Time Series Data Augmentation
Particularly valuable when training models for forecasting and predictive analytics applications, time series data refers to a sequence of data points or observations collected or recorded at specific intervals. Exposure to a wide range of time series data enables models to become more effective at identifying trends, predicting fluctuations that occur at specific intervals (seasonality), interpreting cyclic patterns, and identifying irregularities. Techniques for time series data augmentation include the following:
- Time warping. Either stretching or compressing an existing dataset’s time series in both directions to simulate changes in speed. For example, a business might experience a slow period, followed by a sharp increase in sales. Time warping can help train an enterprise financial planning and analytics application to recognise these shifts, and predict future trends more accurately.

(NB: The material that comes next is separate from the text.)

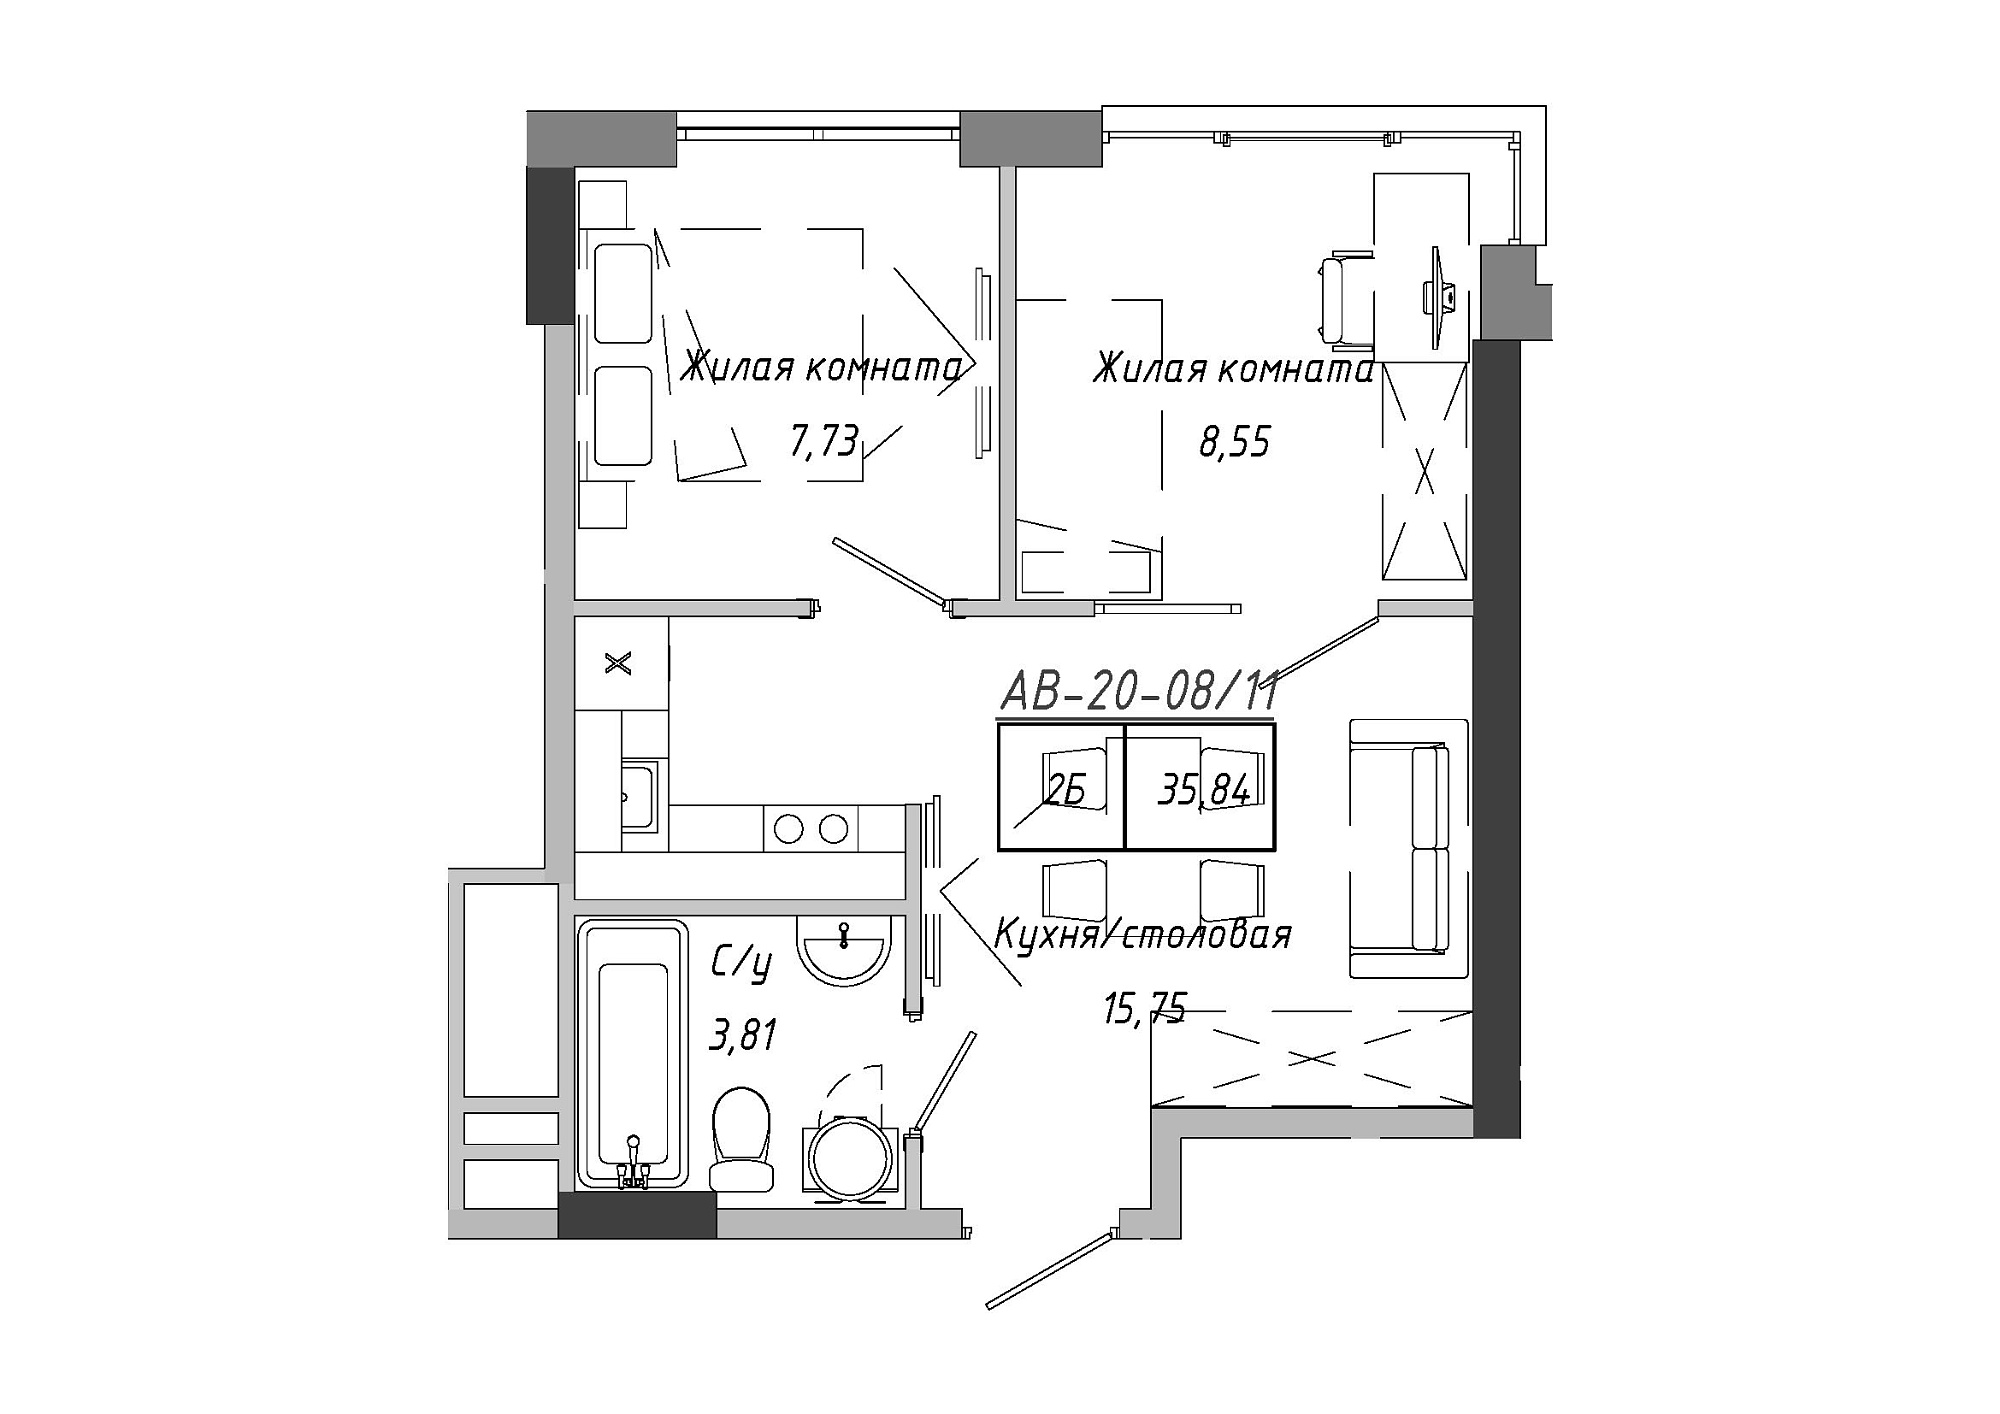 Planning 2-rm flats area 36.12m2, AB-20-08/00011.

- Window slicing. Creating smaller time segments from an existing time series in order to provide additional simulations of specific snapshots in time.
- Jittering. Adding small amounts of erroneous or anomalous data to the existing time series, teaching the model to become more robust when confronted with input variations.
- Seasonality simulation. Using existing time series data as a starting point to create further examples of seasonal patterns, enables the model to become better at recognising these over time.
The Business Case for Data Augmentation
As a rule, the more variety and volume of high-quality data you expose your ML application to, the better it performs.
In reality, however, it is very unusual for an organisation to be in a position to put together the ‘perfect’ training dataset solely from existing data. The creation of augmented data addresses this. By taking the data you have already and using it to generate a rich seam of additional samples, you can significantly improve model performance and reliability.